What are binary options?
The sale of what are known as binary options involves betting on whether financial assets, such as shares, currencies or commodities, will rise or fall over a specific time period. Even when the bets are legitimately placed, it’s a hugely risky enterprise – but our ongoing investigation indicates that for many companies binary options act primarily as a vehicle for scamming people out of money.
Victims are targeted by salespeople in call centres abroad – typically located in Israel and Romania – who use high-pressure tactics to convince them to invest. They are then led to believe that their investment is growing as bets are placed – but when they try to cash in their purported returns they are often unable to.

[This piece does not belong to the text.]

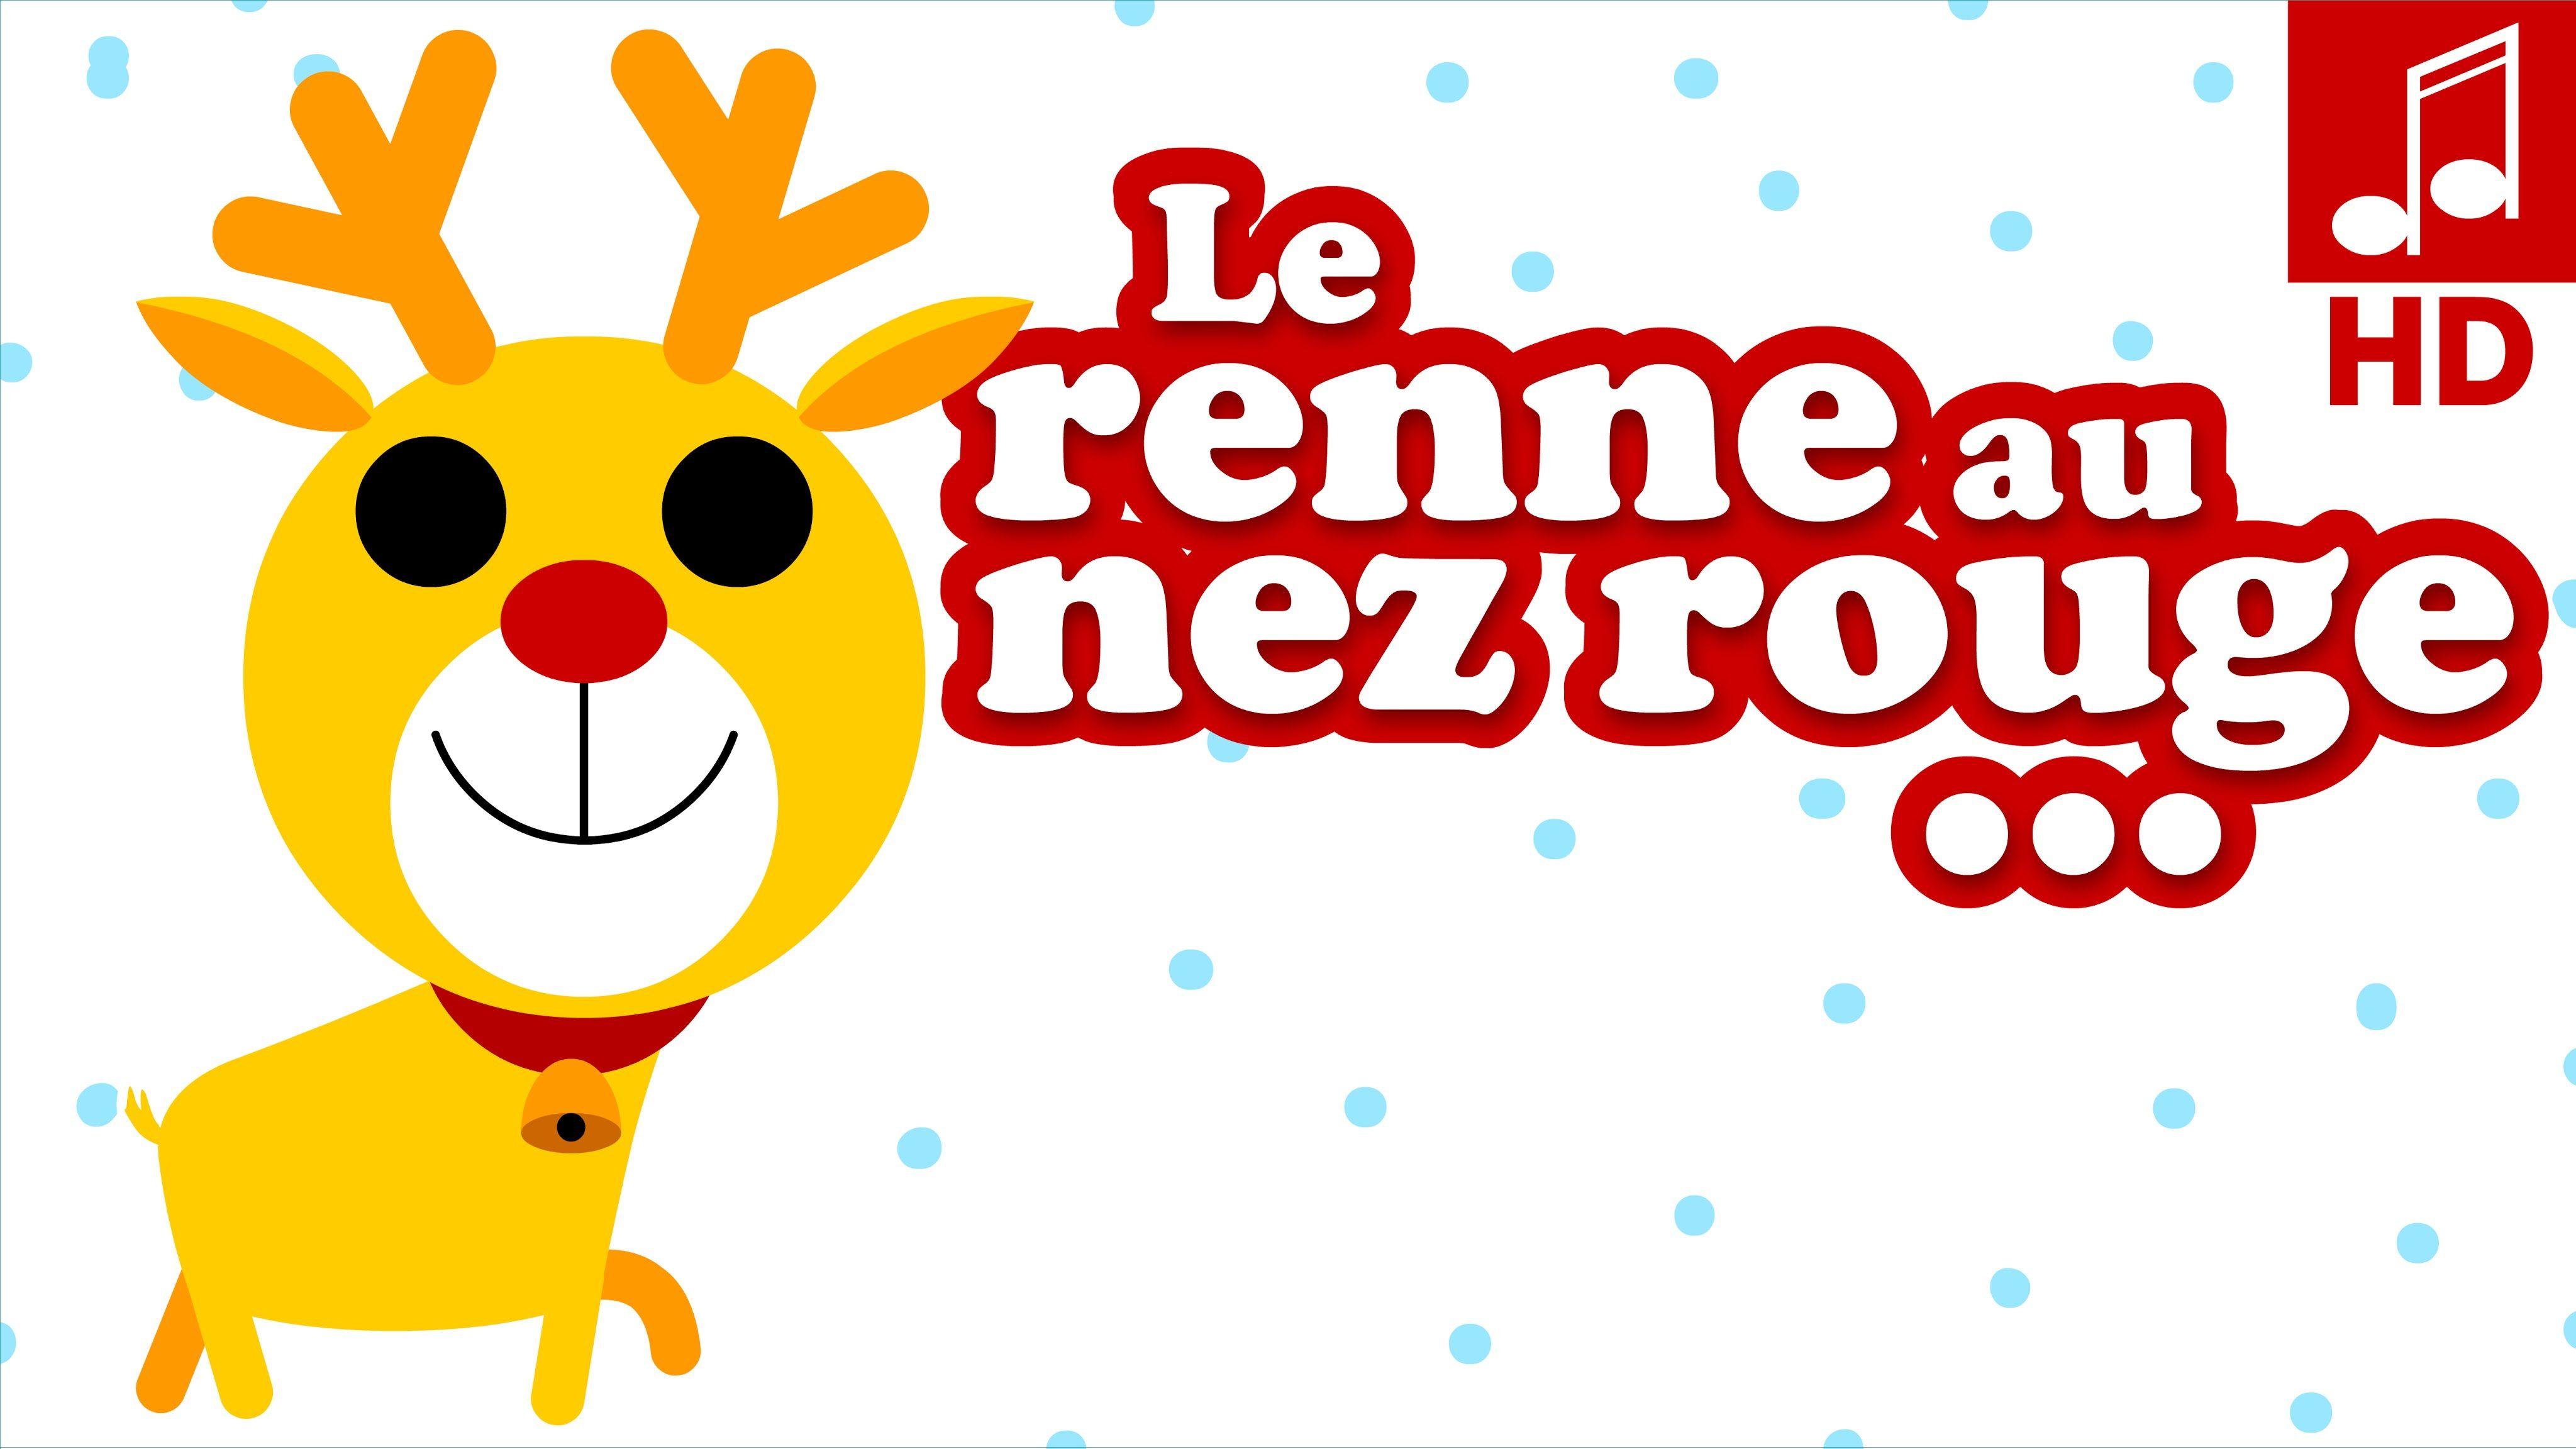 Le Petit Renne Au Nez Rouge Chanson De Noël Pour Bébé Et avec Chanson Dans Son Manteau Rouge Et Blanc
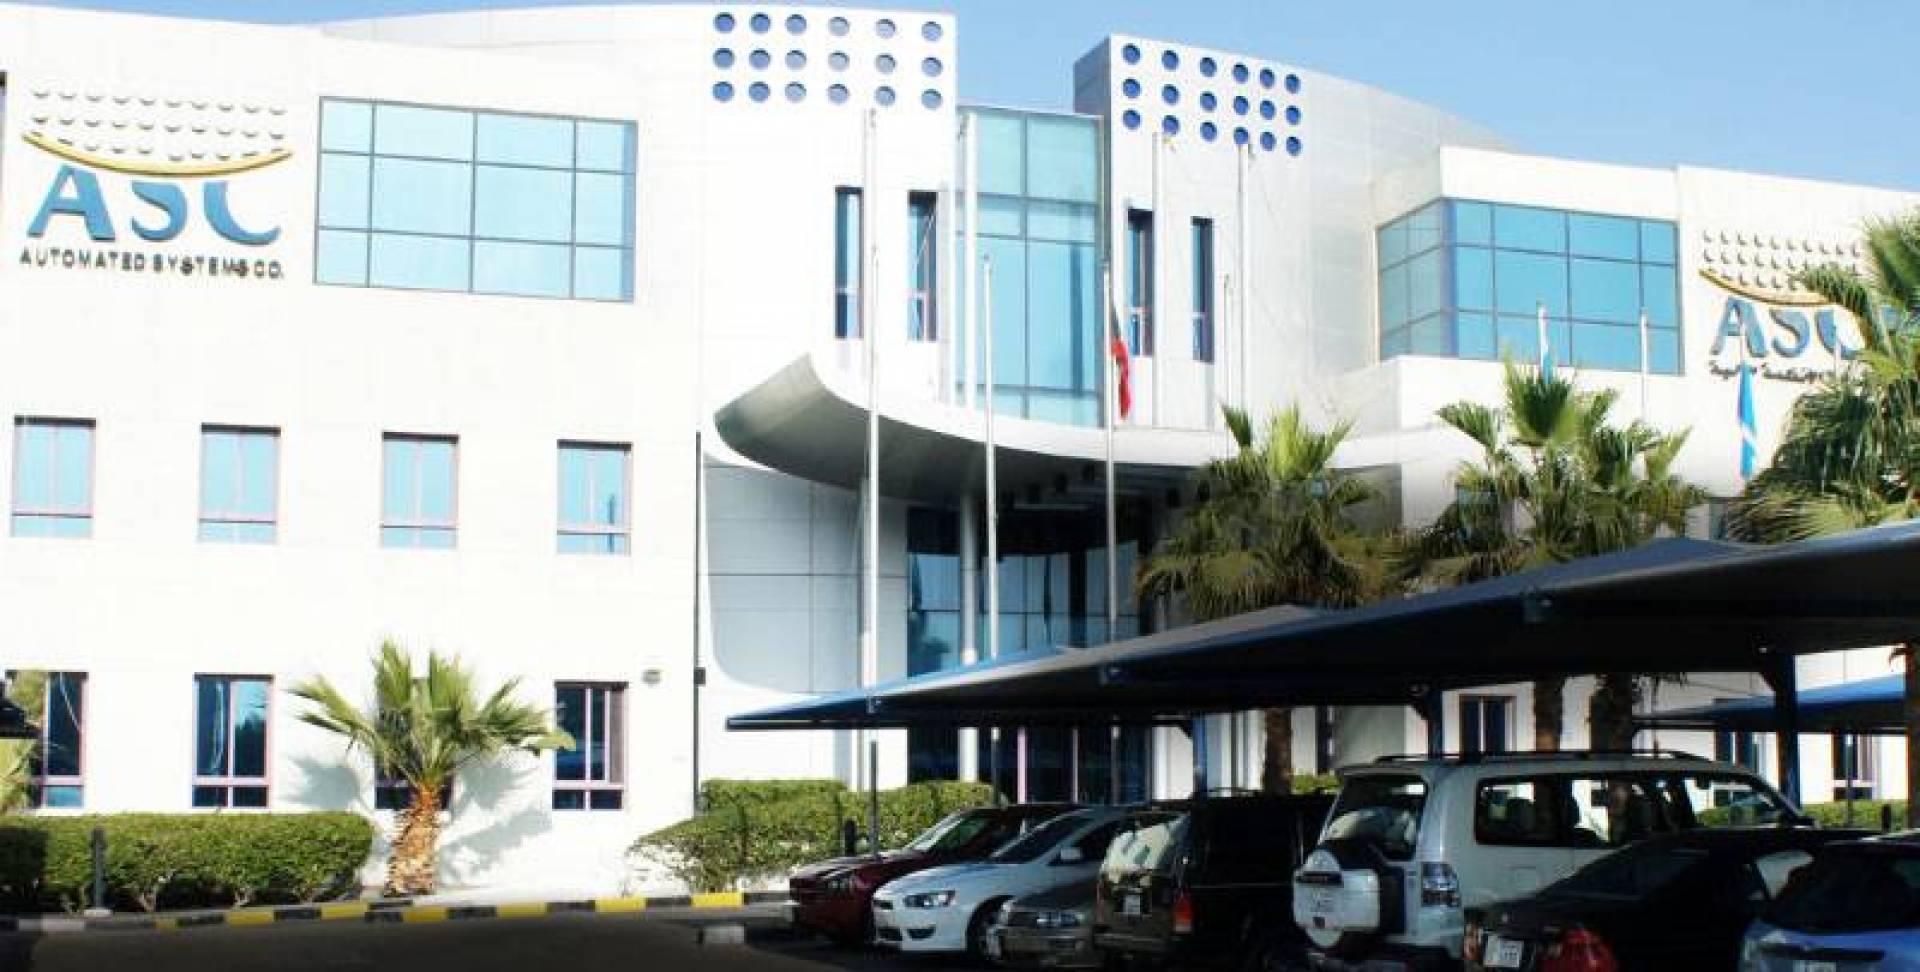 «الأنظمة»: عقد مع «الكويتية» بـ 3.7 ملايين دينار

The Bureau has spoken to dozens of people across the UK who had been targeted by a range of different companies. Many people have had money taken off their credit cards without consent – in some cases thousands of pounds.
Hundreds of binary options companies exist around the world, making billions of pounds a year. A whistleblower working in Israel told the Bureau everyone in his call centre was aware that they were operating a fraud, and that salesmen were urged by bosses to “rape the clients” financially.
Software is used which allows clients to check their purported account activity online, showing their funds rising and falling as the bets are supposedly made.
The fraudulent sale of binary options is now the biggest scam in the UK, according to the National Fraud Intelligence Bureau’s deputy director and financial crime specialist, DCI Andy Fyfe. An average of two reports are made to police each day and the average investor loses £20,000.
This was likely just the “the tip of the iceberg”, said Fyfe, as most people would not bother reporting in the knowledge there was little police could do. There have been no successful prosecutions because the fraudsters are usually located abroad.
The National Fraud Intelligence Bureau’s head of crime, Detective Chief Inspector Andy Fyfe, said police receive an average of two reports of binary trading fraud a day, with the average investor losing £16,000. “This is just the tip of the iceberg,” he said, but to date there have been no convictions because the fraudsters are usually located abroad.
Binary options trading is not overseen by the Financial Conduct Authority (FCA) because it is classed as gambling rather than a form of investment. But it is not overseen by the Gambling Commission either, because that institution only regulates operators that have equipment based in Britain.
The Treasury issued a consultation paper a year ago which proposed bringing binary options trading under the FCA’s remit. Since then, no action has been taken.